Restate all of the following data exactly, keeping any images out of the copy.

Supplied data –
_ _ _ _ _
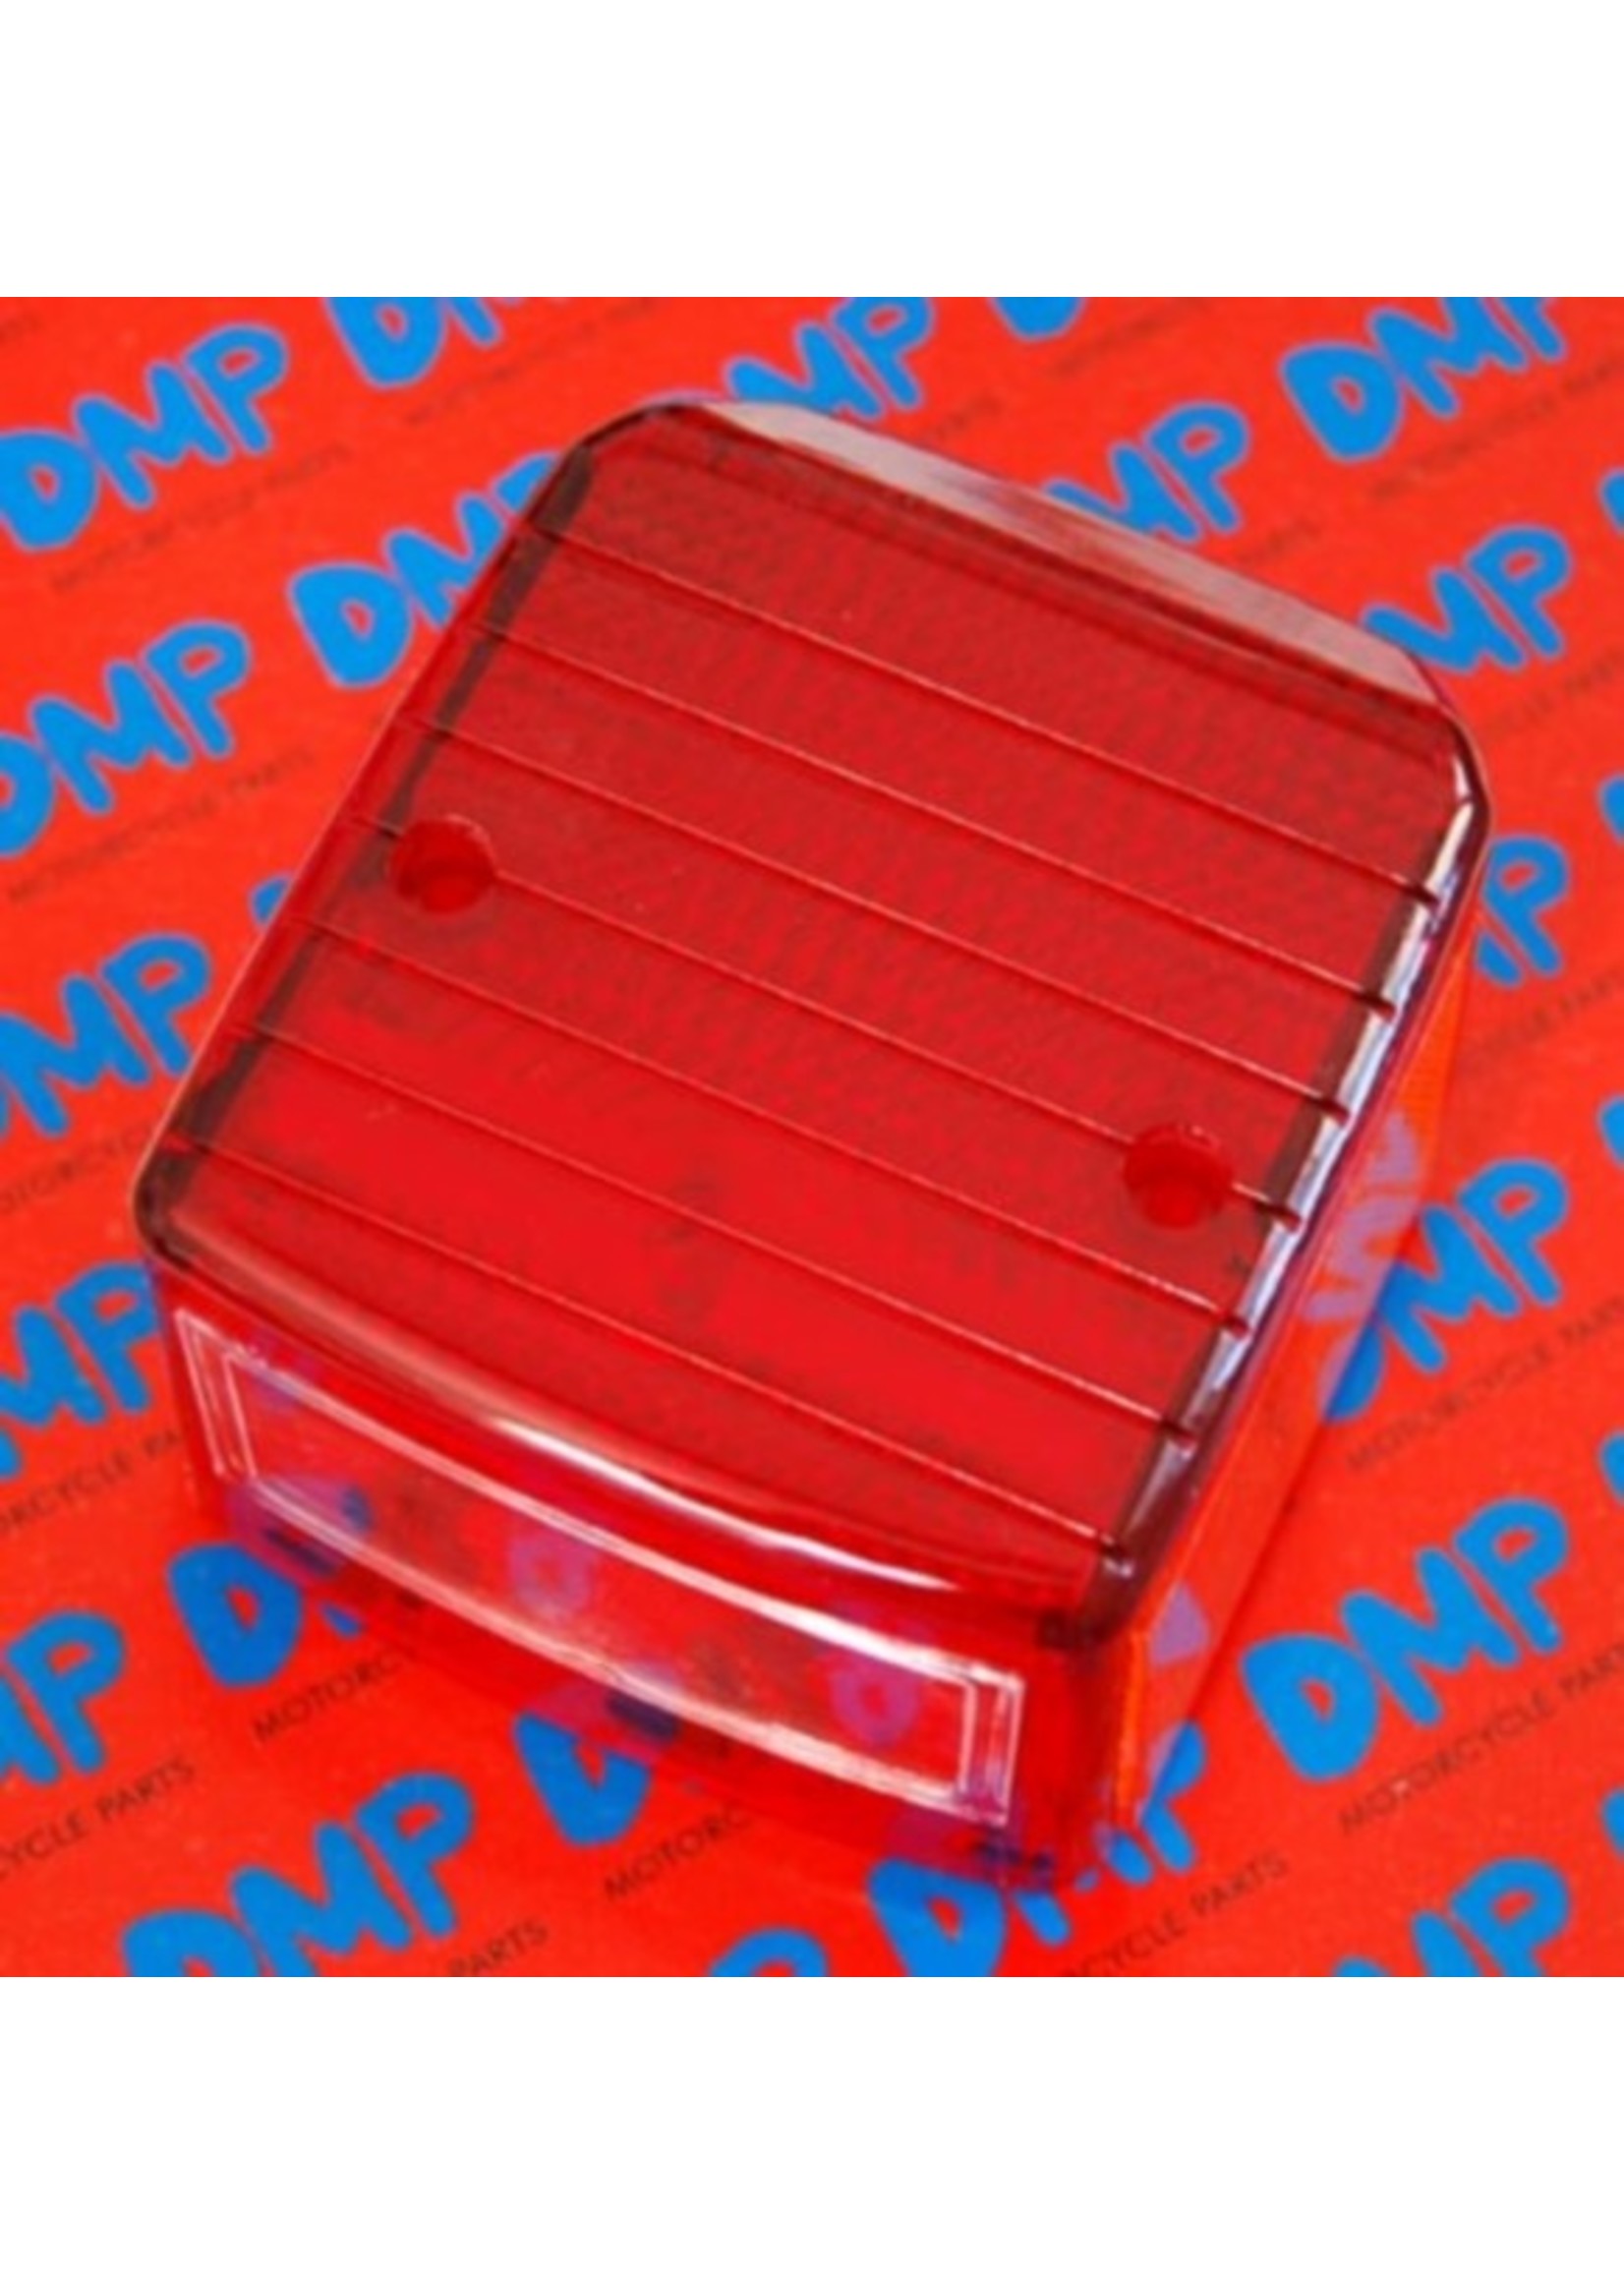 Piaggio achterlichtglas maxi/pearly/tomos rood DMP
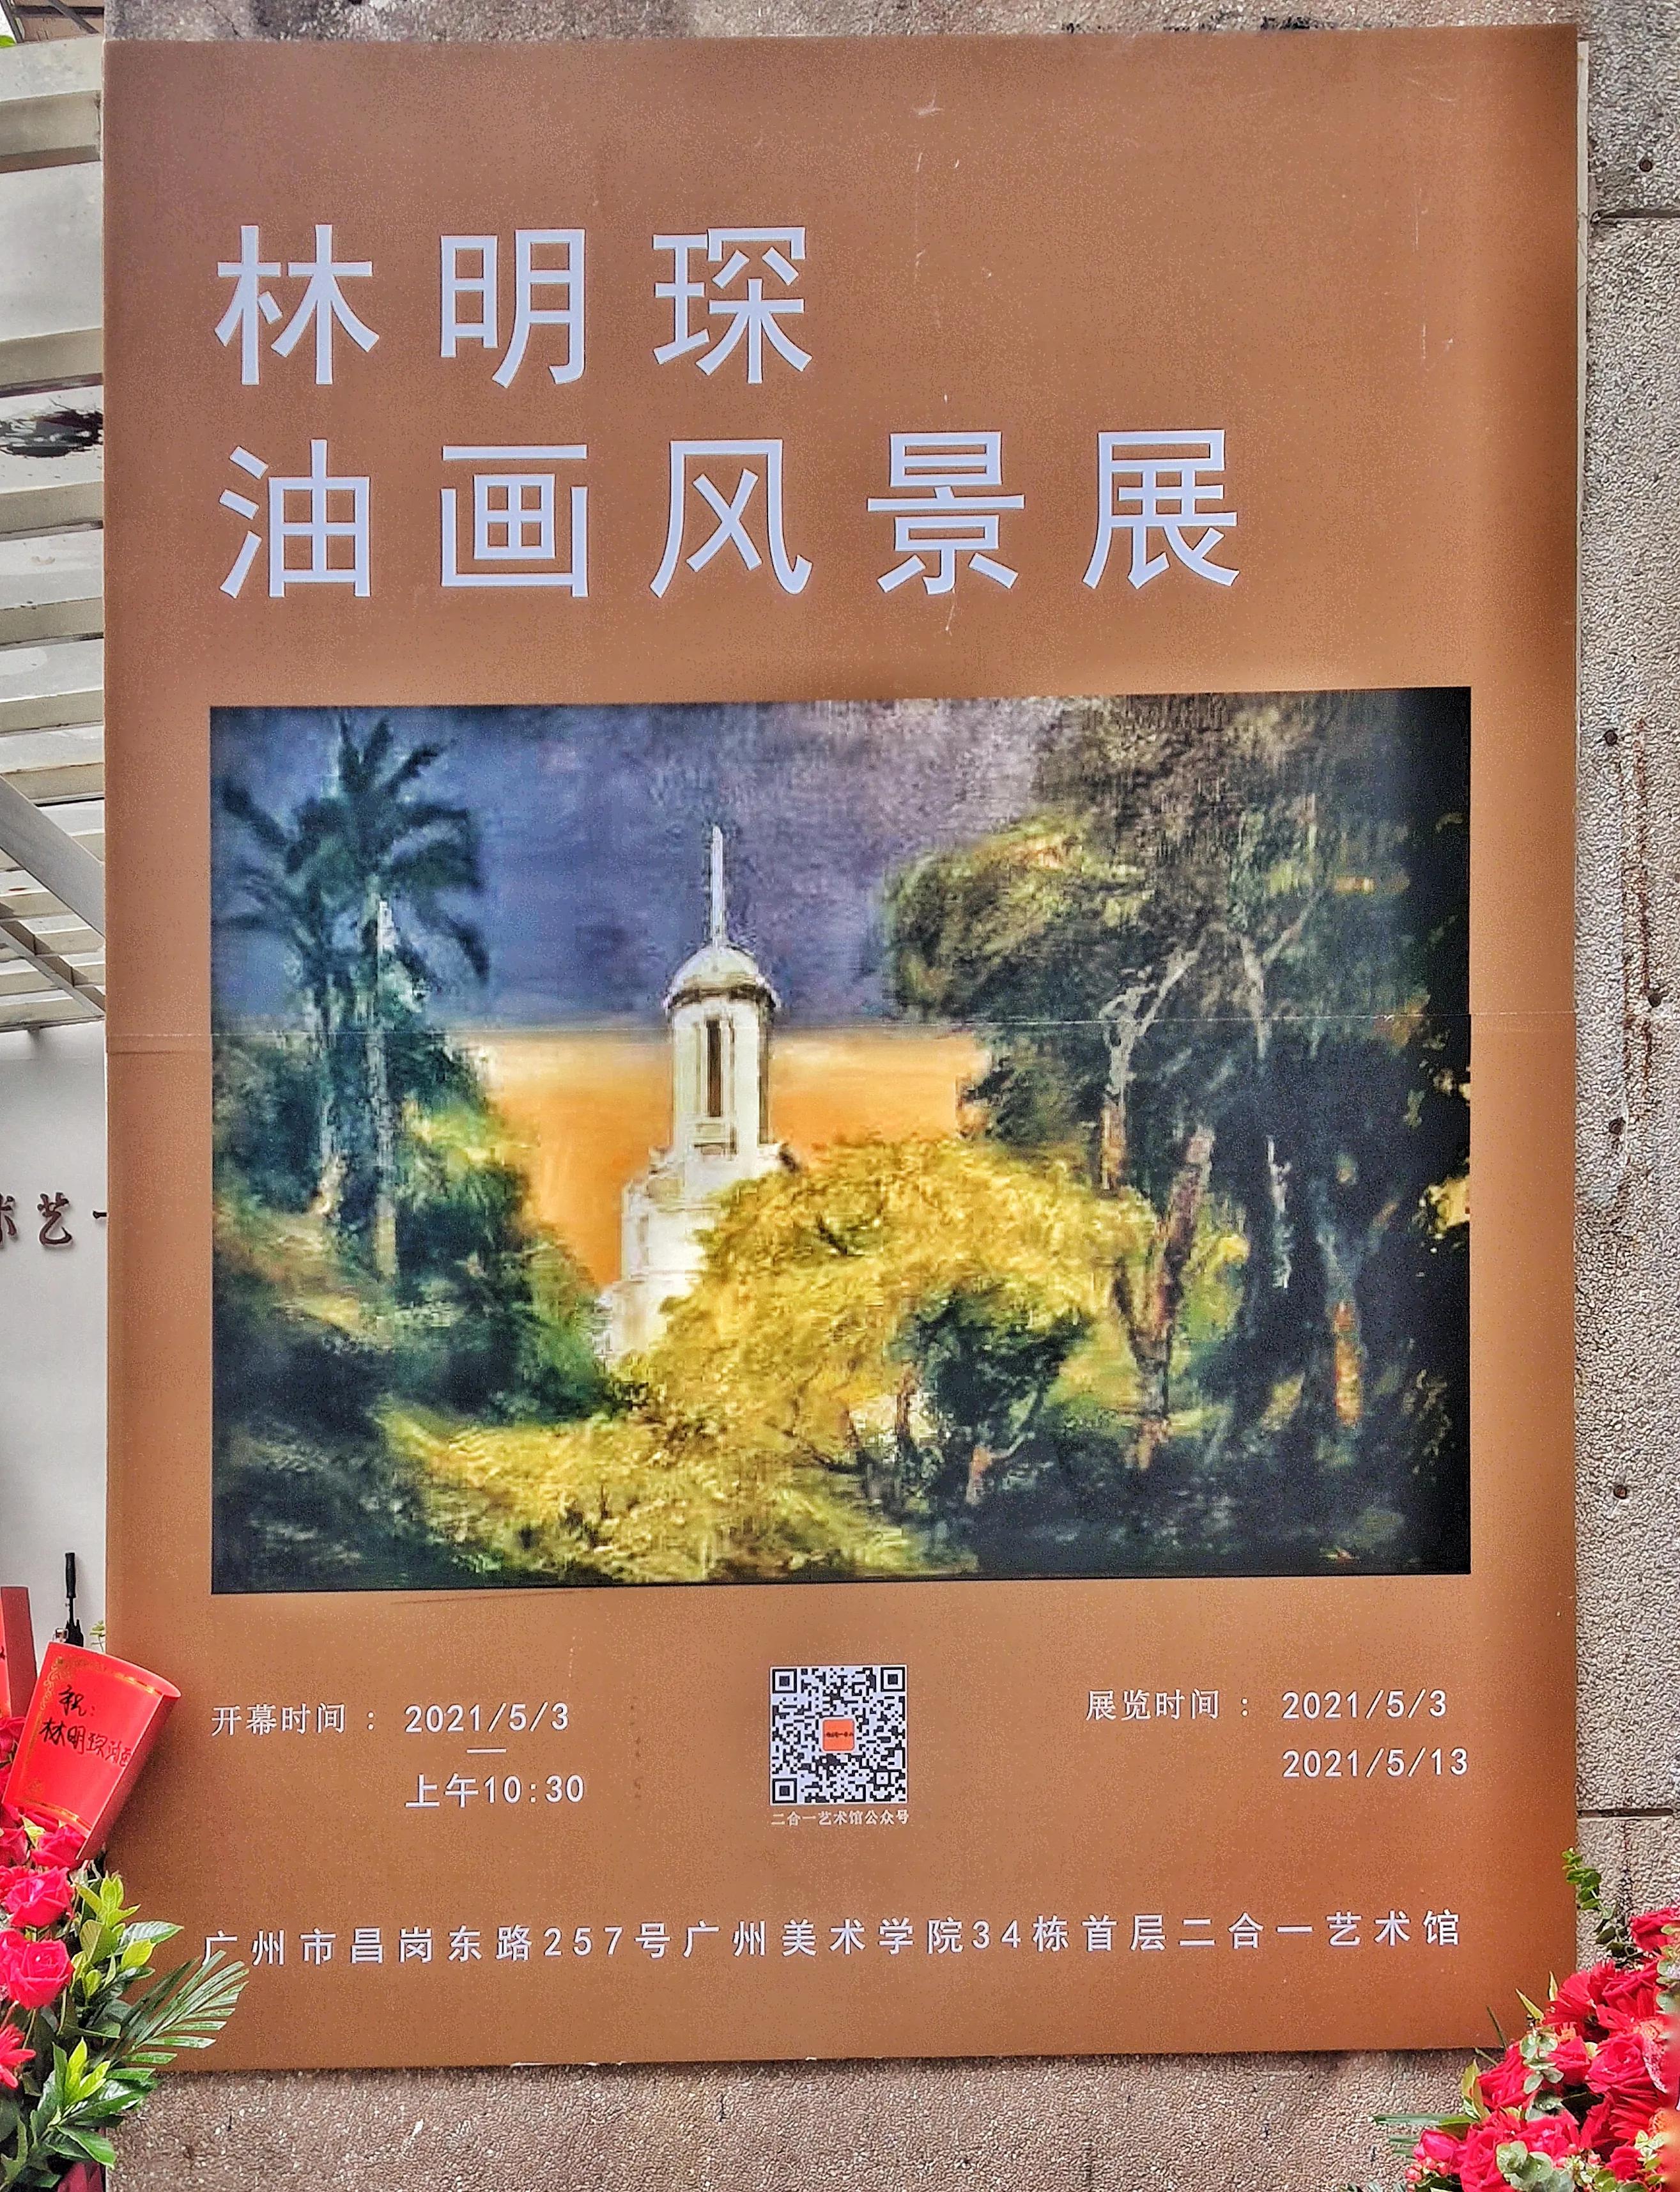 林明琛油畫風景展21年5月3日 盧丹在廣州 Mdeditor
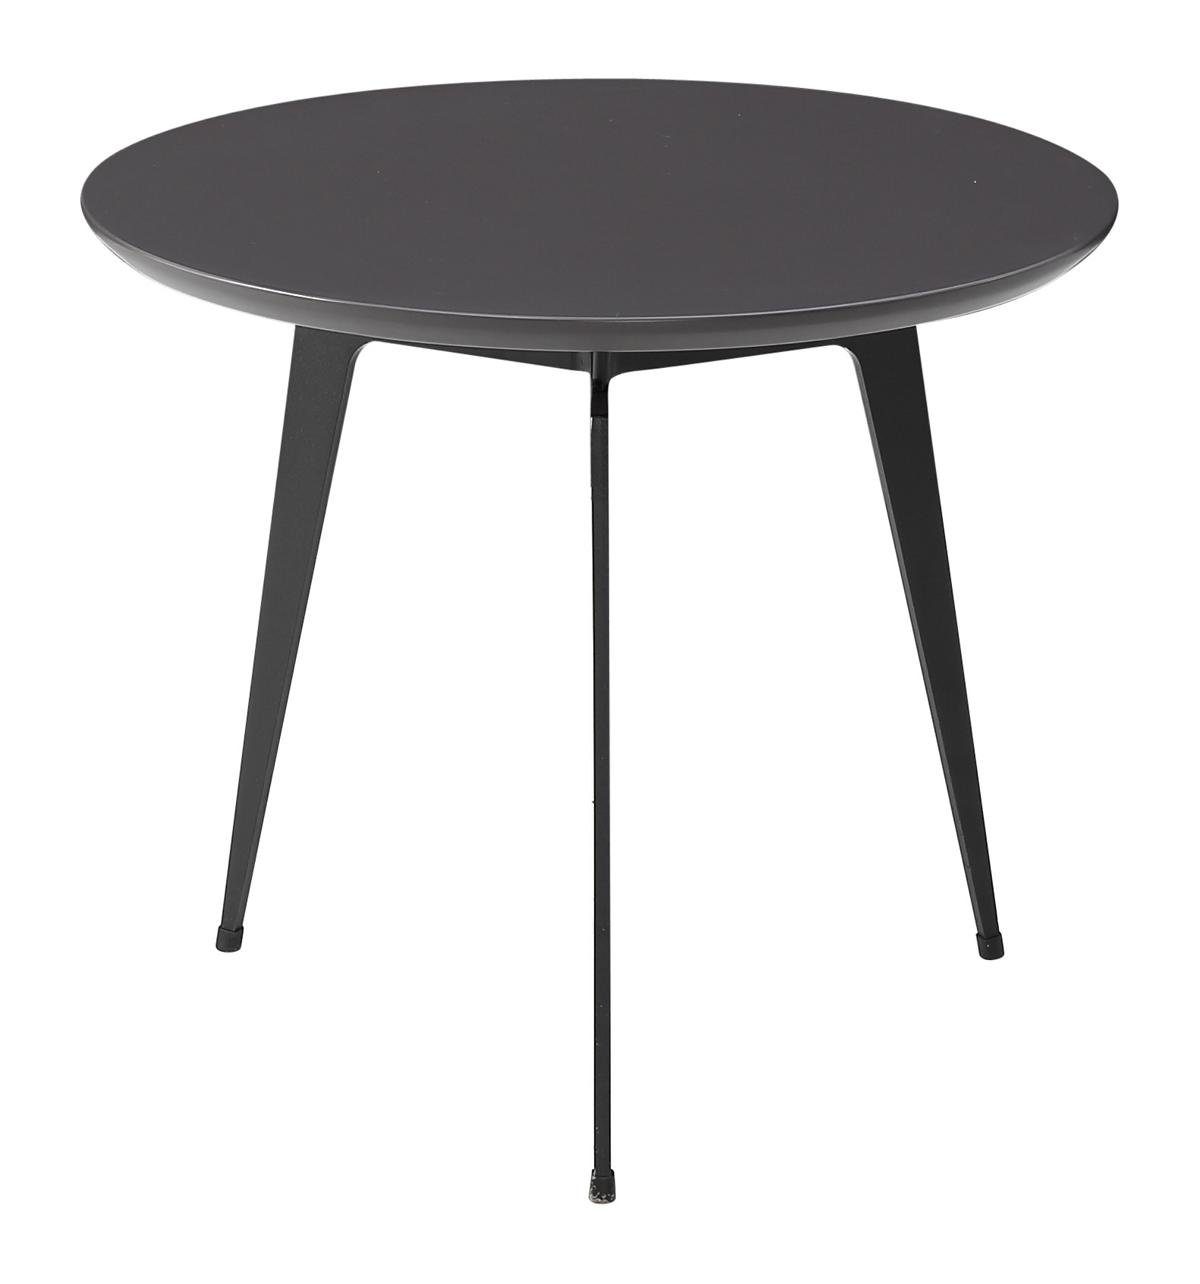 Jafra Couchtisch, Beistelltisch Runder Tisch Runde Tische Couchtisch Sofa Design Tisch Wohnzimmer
_ _ _ _ _
Finished exercise –
 Piaggio achterlichtglas maxi/pearly/tomos rood DMP
 林明琛油畫風景展21年5月3日 盧丹在廣州 Mdeditor
 Jafra Couchtisch, Beistelltisch Runder Tisch Runde Tische Couchtisch Sofa Design Tisch Wohnzimmer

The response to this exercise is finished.